I think the problem is how you define "very large" numbers. In "every day" terms numbers up to 34,987 digits is insanely huge, the number of atoms in the visible universe is only an ~80 digit number.

But in this forum regarding GIMPS and even most of the side projects going on here, numbers up to 34,987 digits are not very big and are even considered "small", and remember that number took ~2 years on 16 cores to test. Considering more reasonable run times Primo can only test up to ~20K digits.
GIMPS new prime and the current wavefront is around 25 million digits! That is NOT ~714 times as large as 34,987 digits but 24965013 orders of magnitude larger!


Edit: @PhilF I know you know this, this post was meant for the OP.

[url]https://rob-bell.net/2009/06/a-beginners-guide-to-big-o-notation/[/url]

[QUOTE=ATH;504408]I think the problem is how you define "very large" numbers. In "every day" terms numbers up to 34,987 digits is insanely huge, the number of atoms in the visible universe is only an ~80 digit number.

But in this forum regarding GIMPS and even most of the side projects going on here, numbers up to 34,987 digits are not very big and are even considered "small", and remember that number took ~2 years on 16 cores to test. Considering more reasonable run times Primo can only test up to ~20K digits.
GIMPS new prime and the current wavefront is around 25 million digits! That is NOT ~714 times as large as 34,987 digits but 24965013 orders of magnitude larger!


Edit: @PhilF I know you know this, this post was meant for the OP.[/QUOTE]
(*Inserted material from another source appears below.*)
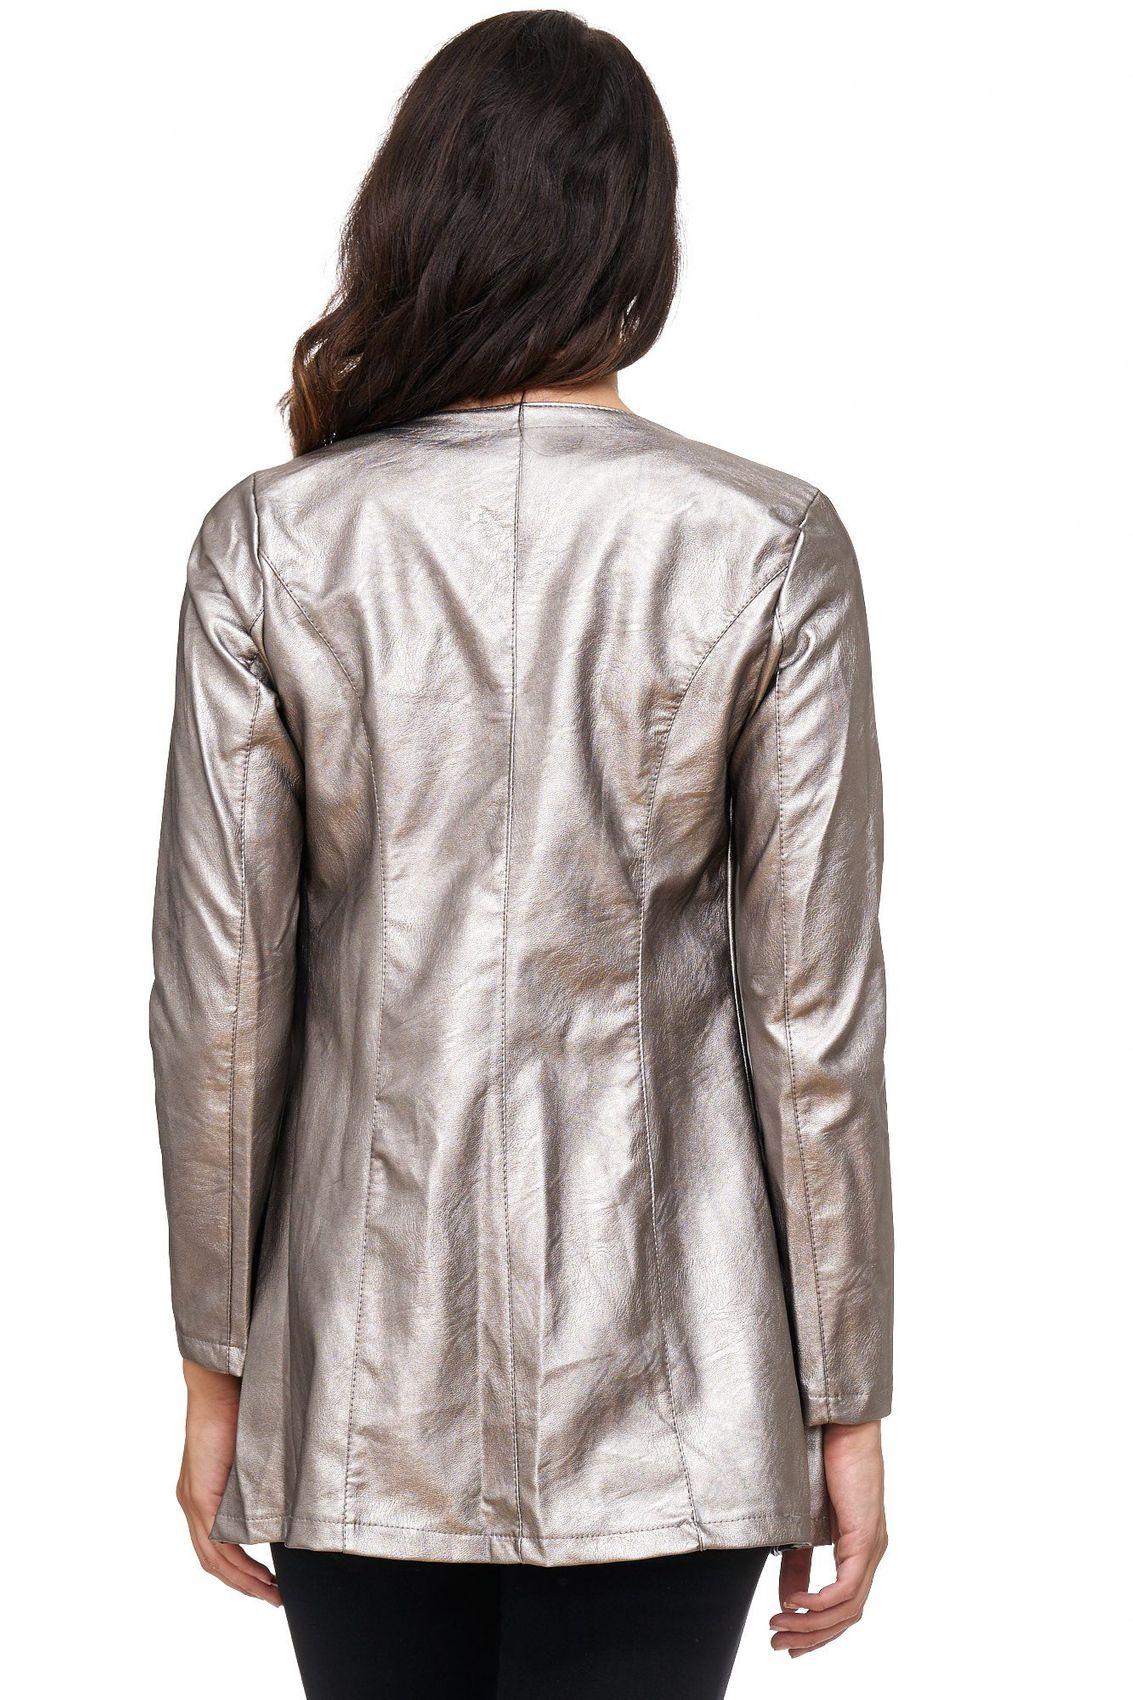 damen lederjacke mantel lang weste leder biker club langarm jacket look neu ebay. Black Bedroom Furniture Sets. Home Design Ideas

Thanks for the info. Primo supports up to nearly 40,000 digits now. I understand that isn't very large in terms of Mersenne numbers, but if I wanted to prove primality of a number in a non-special form that was larger than that, I would have no idea how to go about it.

[QUOTE=Zach010;504333]I don't know much about PARI/GP. I did a search and found that its a "computer algebra system". Have to learn more.[/QUOTE]

PARI/GP is a tool for doing calculations, especially in number theory. It can be used as a calculator or as a C/C++ library.